Satoshi Nakamoto’s distributed ledger protocol described how value could be transferred digitally as a scarce resource without risk of double spend or counterfeit. This launched Bitcoin, “a peer-to-peer electronic cash system” and the world’s first cryptocurrency.

Since 2008, more than 1500 digital “crypto-assets” have been created exploring alternative functionality and cryptographic approaches to Bitcoin. As the crypto financial ecosystem matures, use cases are widening beyond digital currencies, with numerous projects working on tokenising value inherent in open networks and protocols, as well as creating crypto-assets representing fiat currency, commodities, insurance, equities and debt instruments. Decentralised ledger technology is also being explored by a range of parties to improve operational efficiencies within traditional financial markets, for example streamlining settlement processes. However, these use cases are not typically designed to broadly decentralise the entire financial sector.

Vega are focussed on decentralising and opening up a core component of the financial sector; derivatives trading. We are creating a public and open protocol that will enable value exchange to be facilitated via a permissionless standalone network, in the vein of Bitcoin and Ethereum.

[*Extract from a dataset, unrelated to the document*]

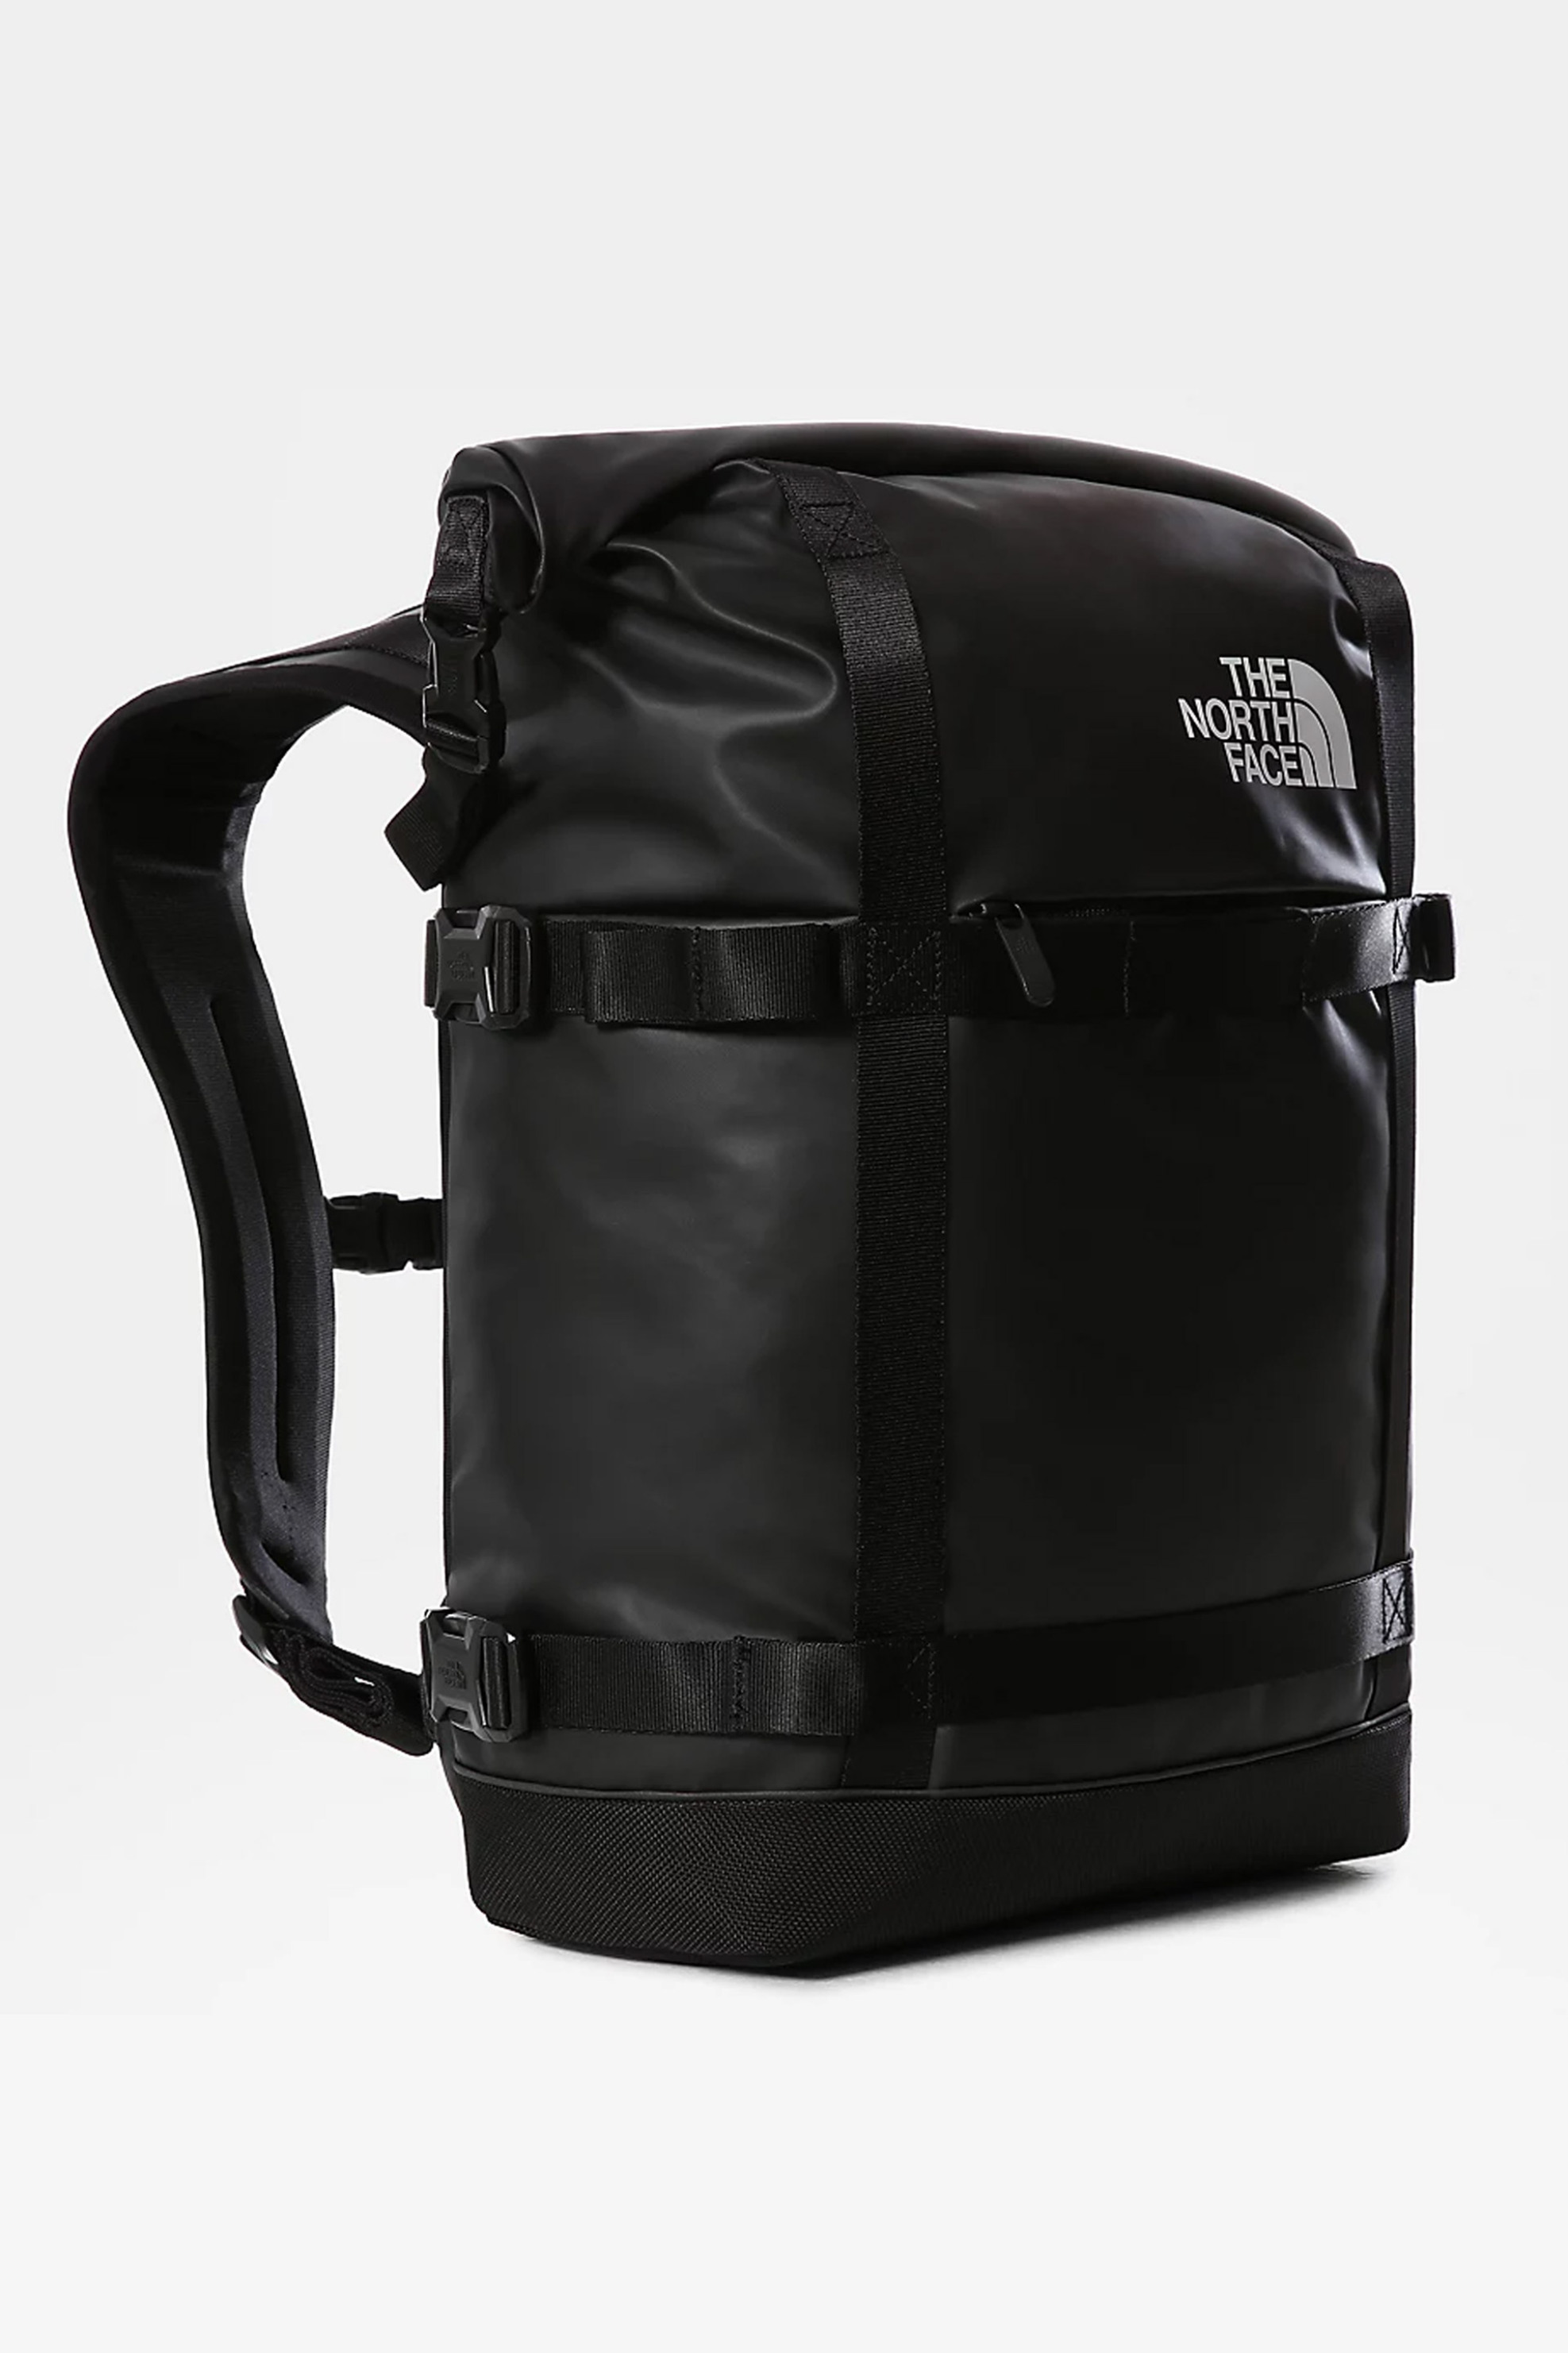 Ανδρική Μόδα > Ανδρικές Τσάντες > Ανδρικά Σακίδια & Backpacks The North Face unisex backpack μονόχρωμο με logo print και γυριστό πάνω μέρος "Commuter" - NF0A52TTKX71 Μαύρο

Beyond electronic cash: a blockchain for trading

Creating a sustainable and effective marketplace requires consideration of trading requirements as well as deep understanding of technical and financial risks.

Unlike the payments and transfers — the bulk of cryptocurrency transactions today — which tend to be fixed movements of assets and either succeed as described or fail if something is wrong, trading is the result of a continuous real time process of matching and price determination. Doing this effectively requires low latency and high throughput to ensure that all participants are included fairly in this process, something that’s unachievable with the performance characteristics of smart contract platforms like Ethereum.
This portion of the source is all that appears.